Cibercultura mudou as formas de relacionamento e também as maneiras de articulação política entre os indivíduos
Por Letícia Hasman
Legenda: As tecnologias vêm avançando para além dos limites da internet, redefinindo relações interpessoais.
Com a ascensão da cibercultura, pudemos perceber o quanto as mídias digitais fazem parte do cotidiano das pessoas, oferecendo possibilidades ilimitadas de comunicação. Elas mudaram as formas de relacionamento, como também as maneiras de articulação política entre os indivíduos, em função dos meios que democratizaram a produção e a propagação de conteúdo, possibilitando ao ser-cibernético atingir incisivamente alguns grupos sociais. Para além do uso despretensioso da Internet, as novas mídias, por vezes, permitem dominar esse coletivo de forma impositiva e tirana, principalmente quando se utiliza de artifícios ilusórios.

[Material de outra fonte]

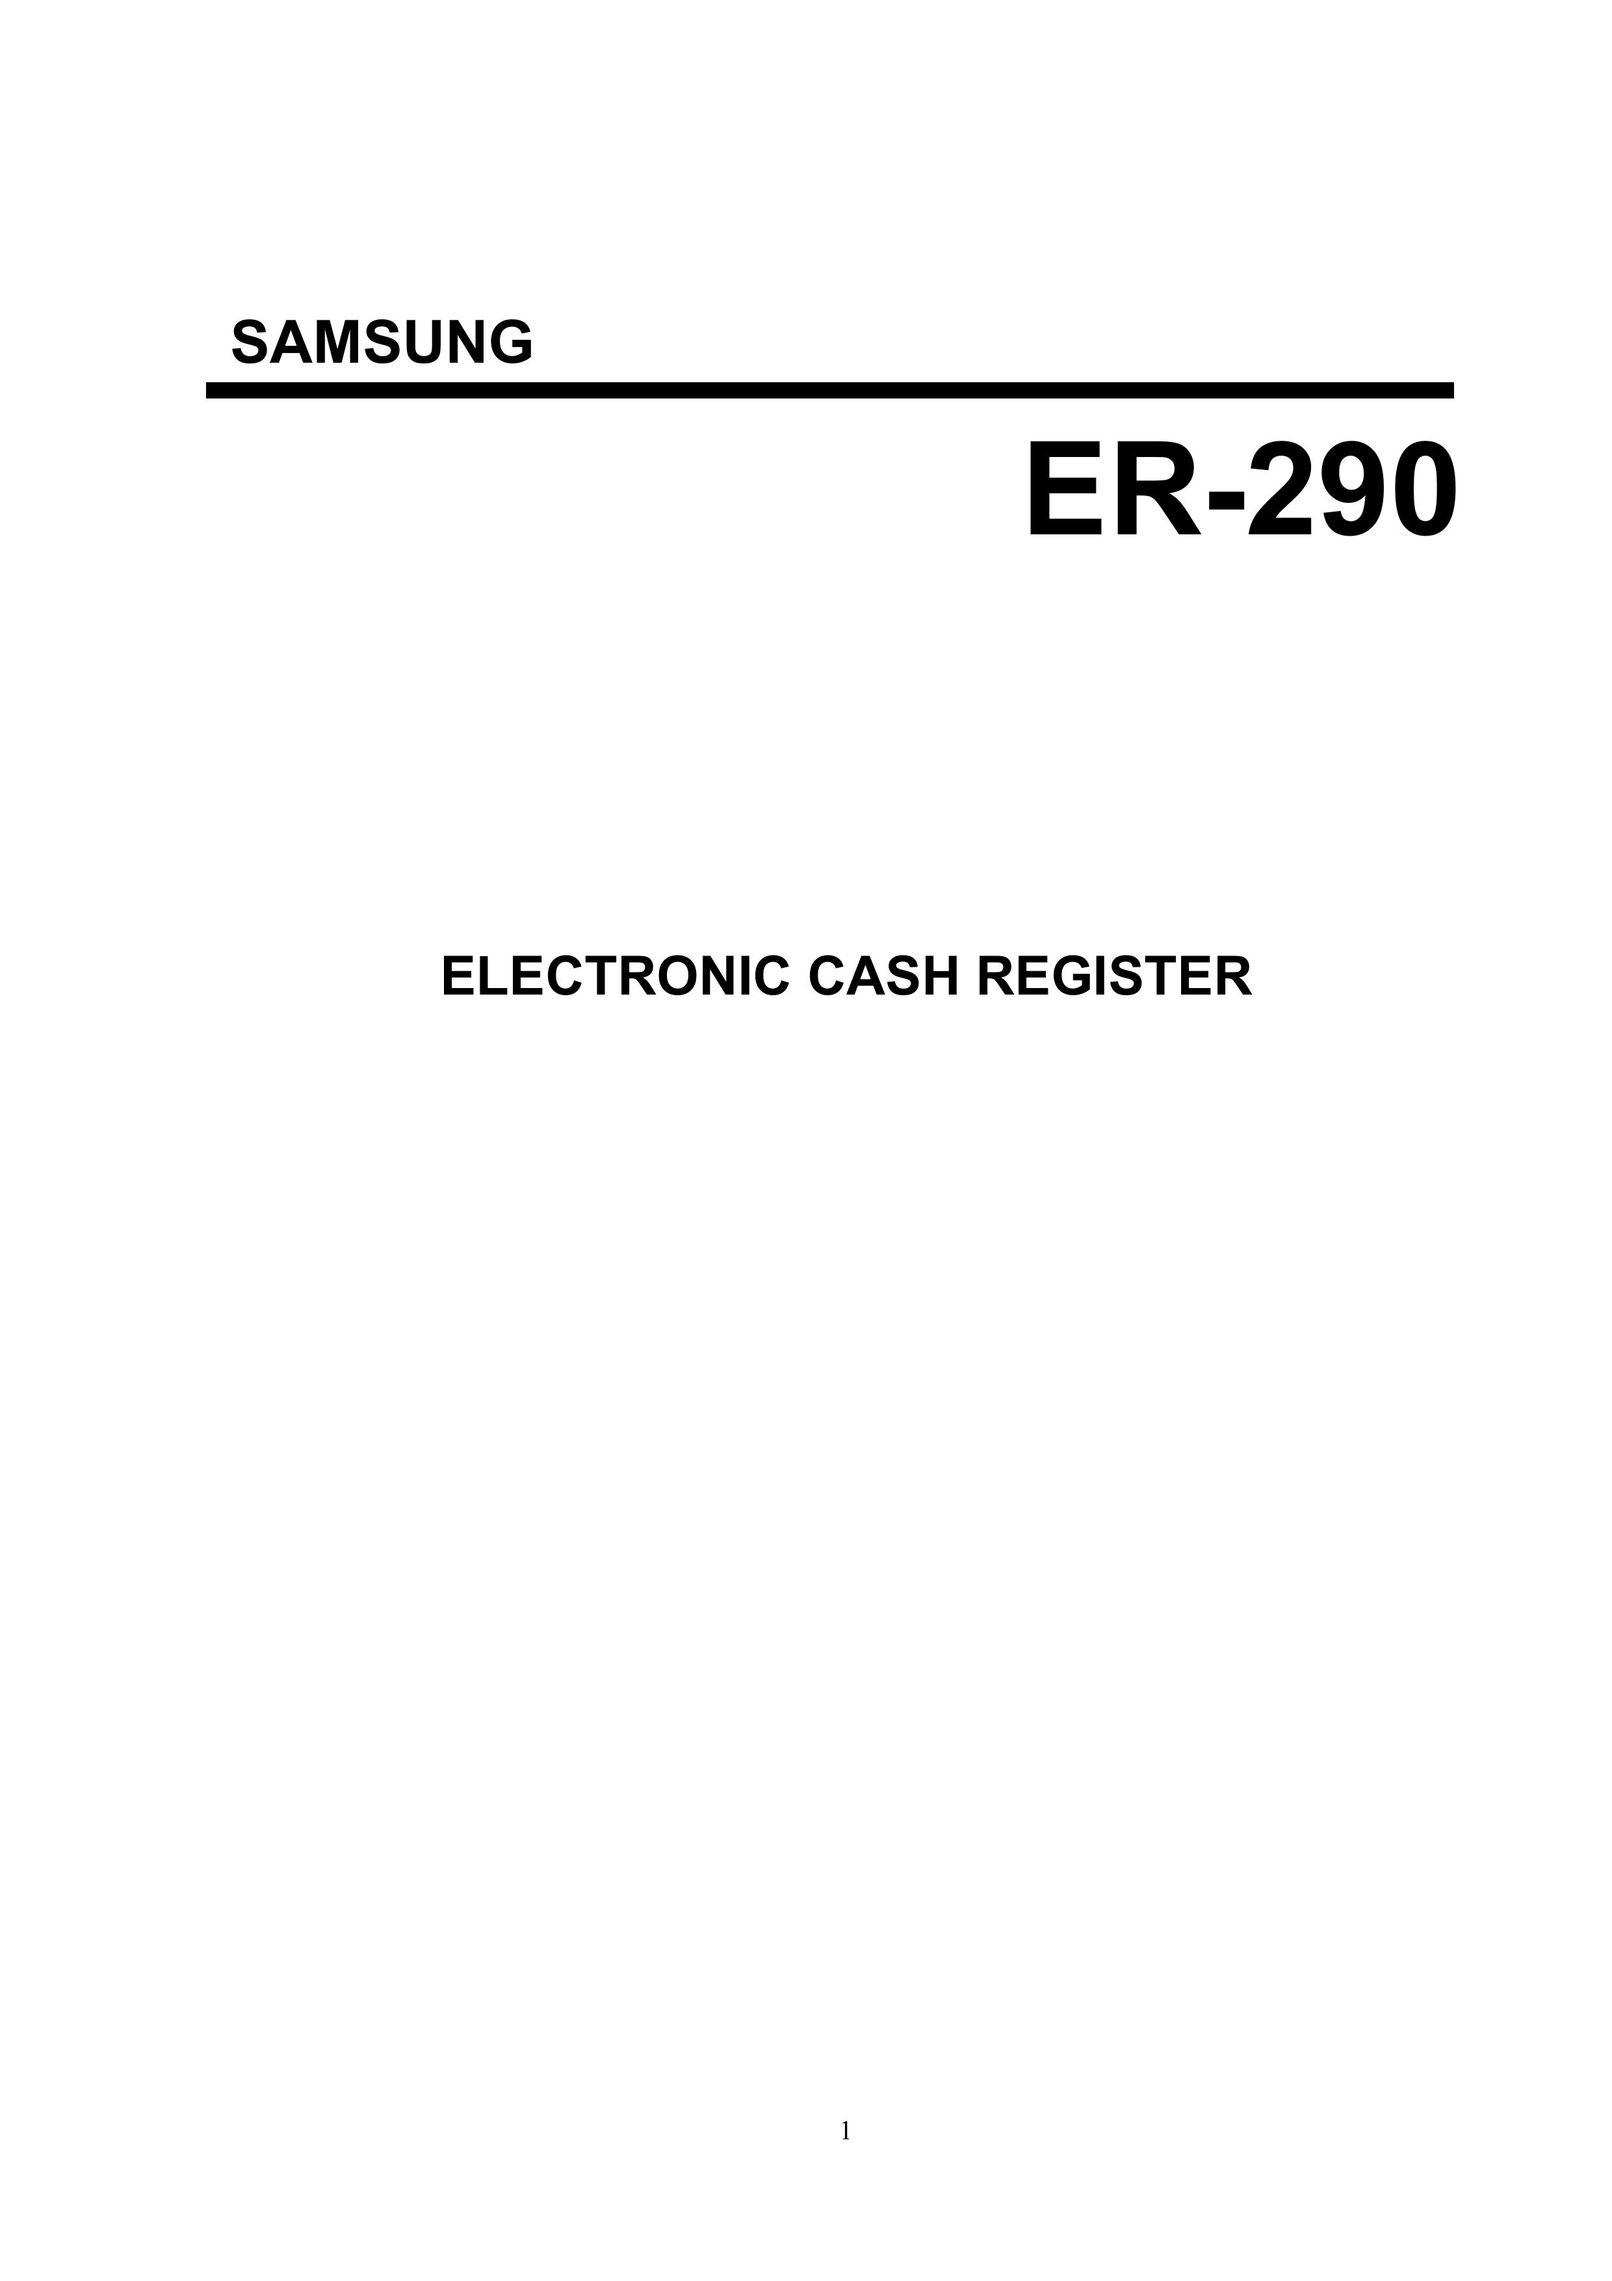 Samsung ER-290 Cash Register User Manual
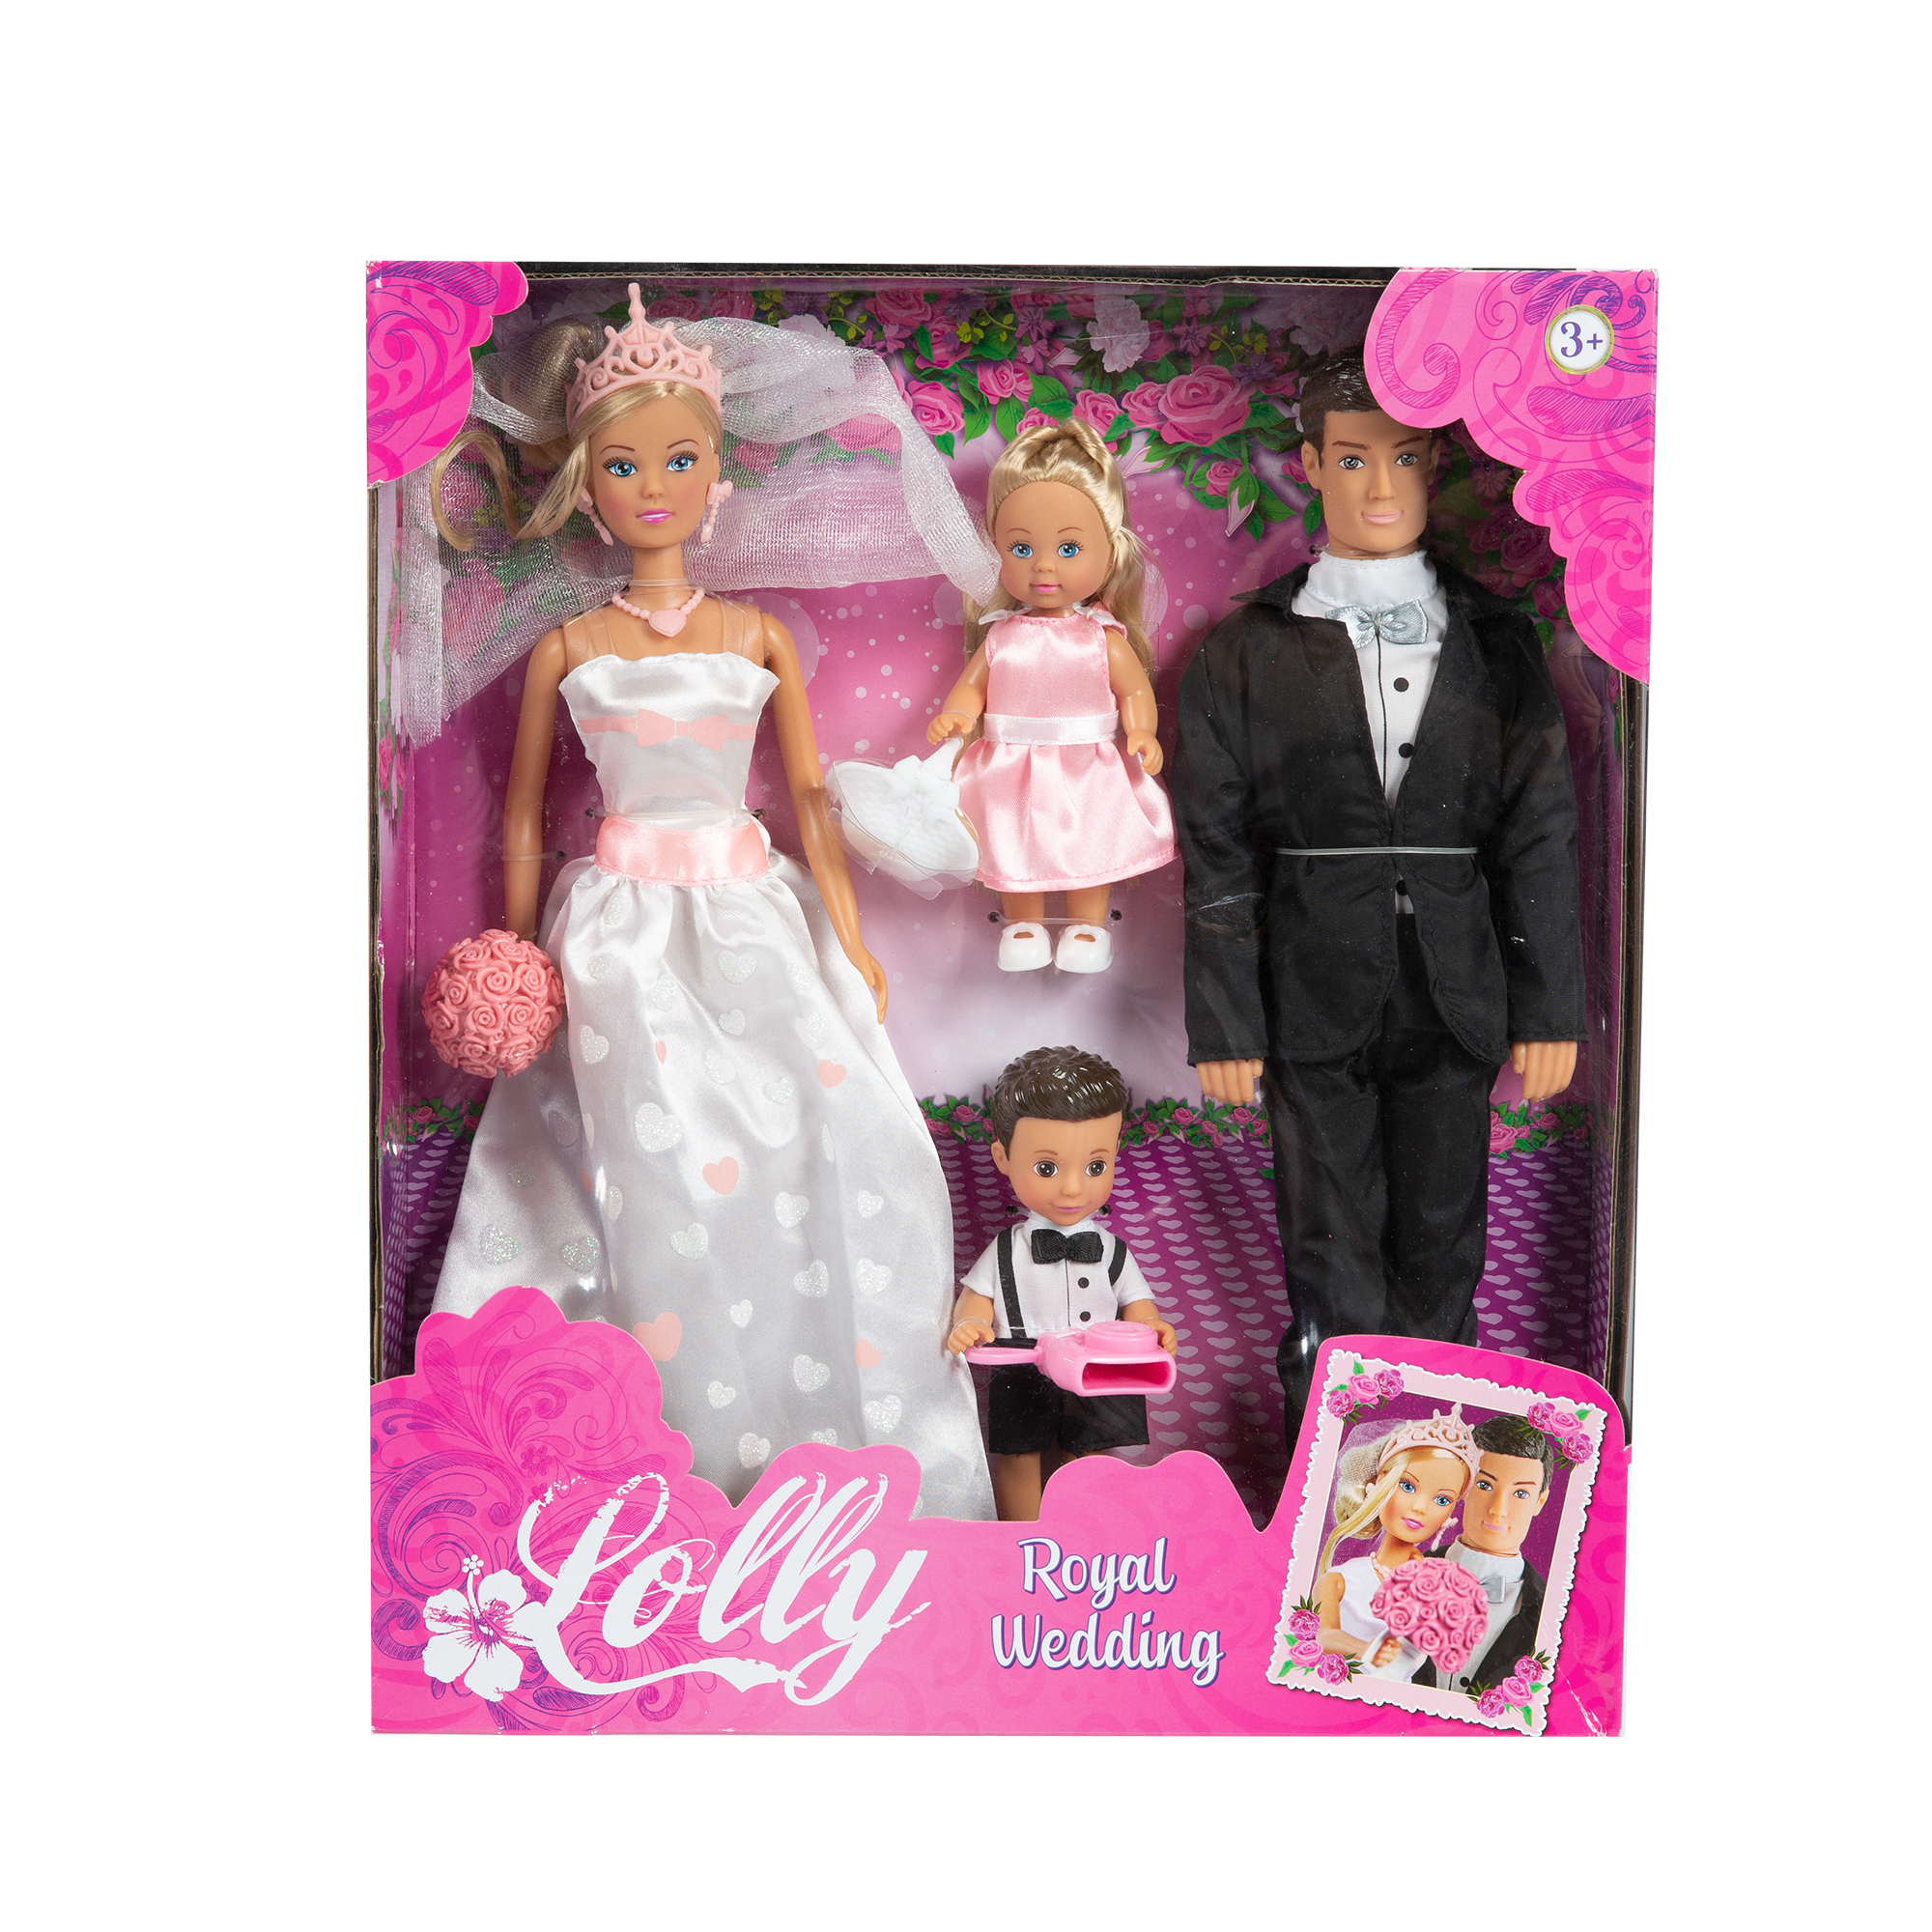 Lolly royal wedding - LOLLY

As eleições presidenciais brasileiras de 2018 tornaram nítido que não é apenas em regimes autoritários que o Estado atua diretamente no mundo virtual. Em governos democráticos, como no Brasil, há atores políticos que tentam, e conseguem, produzir sua própria bolha de seguidores dentro das redes sociais, seja financiando influenciadores, seja construindo plataformas de inserção social, cuja narrativa atende ao desejo ideológico desse oficial político. O ex-presidente Jair Bolsonaro, eleito em 2018, é exemplo da potencialidade das redes de desempenharem um papel significativo no rumo das eleições.
Desde de 2016, Bolsonaro vêm atuando massivamente em suas redes sociais digitais. Beneficiando-se da onda de pessimismo da sociedade perante a política, ele utilizou da capacidade da Inteligência Artificial de influenciar a sociedade civil e a opinião pública. O chamado “discurso de 140 caracteres” e o uso das fake news como estratégia de reafirmação ideológica foram fundamentais para a estratégia de Bolsonaro na tentativa de manipulação do debate.
Danosa para a democracia enquanto distorcer o debate democrático, a I.A. passou a ser usada com viés partidário por autocratas, demagogos e populistas a fim de automatizar o processo de tomada de decisão política, podendo acarretar em resultados tendenciosos e no abuso de poder.
Na ausência proposital de conscientização da população, muitos têm sido seduzidos pelos algoritmos, passando a aceitar como verdade aquilo que disseminam. Todavia é incoerente não considerar que quando as pessoas buscam informação política, frequentemente não estão procurando a verdade ou o esclarecimento mútuo, muito menos a cooperação de terceiros para entender a complexidade do mundo real. Na verdade, elas buscam confirmar os estereótipos das quais são responsáveis e reforçar os seus pré-conceitos.
É, portanto, chegada a hora de refletir sobre o futuro da democracia, bem como da tecnologia digital, que está prestes a dar mais um novo e radical salto. A fábrica de debates políticos democráticos precisa assegurar que a natural liberdade de expressão se sobreponha e molde a inteligência artificial, e não o inverso. Para isso, se mostra necessário impor limites e, sobretudo, responsabilidades aos que comandam a geração de conteúdo na Internet, de modo a garantir a livre decisão de um eleitor autêntico.
Ao invés de nos deleitar com a facilidade de autenticar juízos de valores por meio das redes sociais, temos de nos movimentar para usar a inteligência natural a favor da democracia com o intuito de enfrentar o obscurantismo artificial movido pelas novas formas de autoritarismo.